There are two sides to the obsessive compulsive condition. On one side, you have obsessions. They are described as thoughts and impulses that come out of nowhere. The person suffering from them doesn’t want to necessarily act on them, but feels that they are powerless to control them.

Obsessions can revolve around any type of thought. One is fear. Fear of doing something or succumbing to something can result in thoughts that occupy every waking thought. Here’s an example. A grade school child I knew was convinced that Bigfoot lived close by so he refused to play outside unless there was another person with him.  He was sure something awful would happen to him if he were alone outside.  He new his thinking wasn’t logical but he couldn’t make himself play outside alone.

Another type of obsessive thought may concern impulses. Wanting to hurt or harm someone or yourself is an impulse, especially when nothing has happened to warrant the action. This behavior can scare a teen and make them anxious whenever they are in a situation that triggers it.  My psychiatrist said one common impulse is to curse in church! lolol

Obsessive thoughts can also surround doubts. It is usually one specific doubt that plants itself in the mind. No matter what type of certainty is given, the doubt still persists in the mind.

Having obsessive thoughts can cause untold anxiety in your teen. Unknowingly, you may become a part of their obsession and thus walk into a minefield. Obsession can trigger shouting matches, unruly behavior on the part of your teen, poor grades and isolation.

On the other side of obsession is compulsion. These are ritualistic acts that are performed repetitively as a result of an obsession. Even if the teen knows that the obsession isn’t rational, the compulsive act is a way to satisfy the obsession and reduce their anxiety.

Here’s an example.
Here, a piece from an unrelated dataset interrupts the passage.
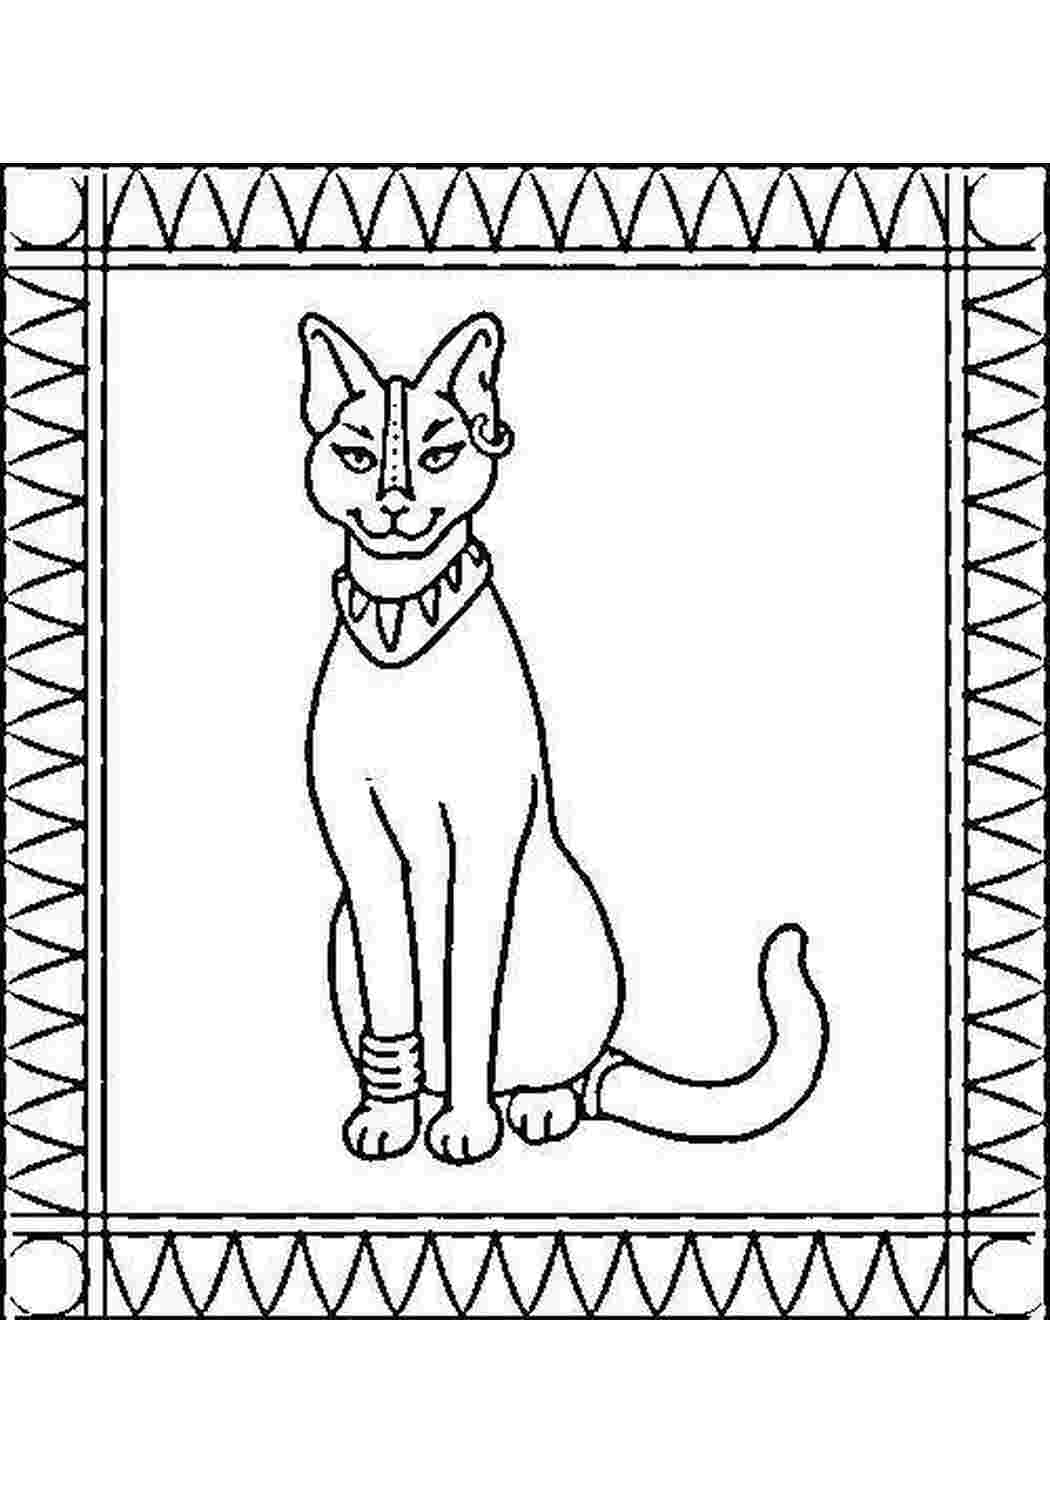 Хэллоуин египетская кошка раскраски для детей с шаблоном

Using the thought that someone may break in the house, the compulsive act could be constantly checking the locks several times a night whenever the obsession takes hold. This can disrupt sleep and lead to stress from sleeplessness.

Because this is a type of anxiety disorder, seeking a solution would involve professional help. Without therapeutic tools, a teen or young child can feel powerless to understand why they are acting in a strange manner. Through professional support, they learn coping mechanisms that will help them manage their thoughts and be less fearful of them.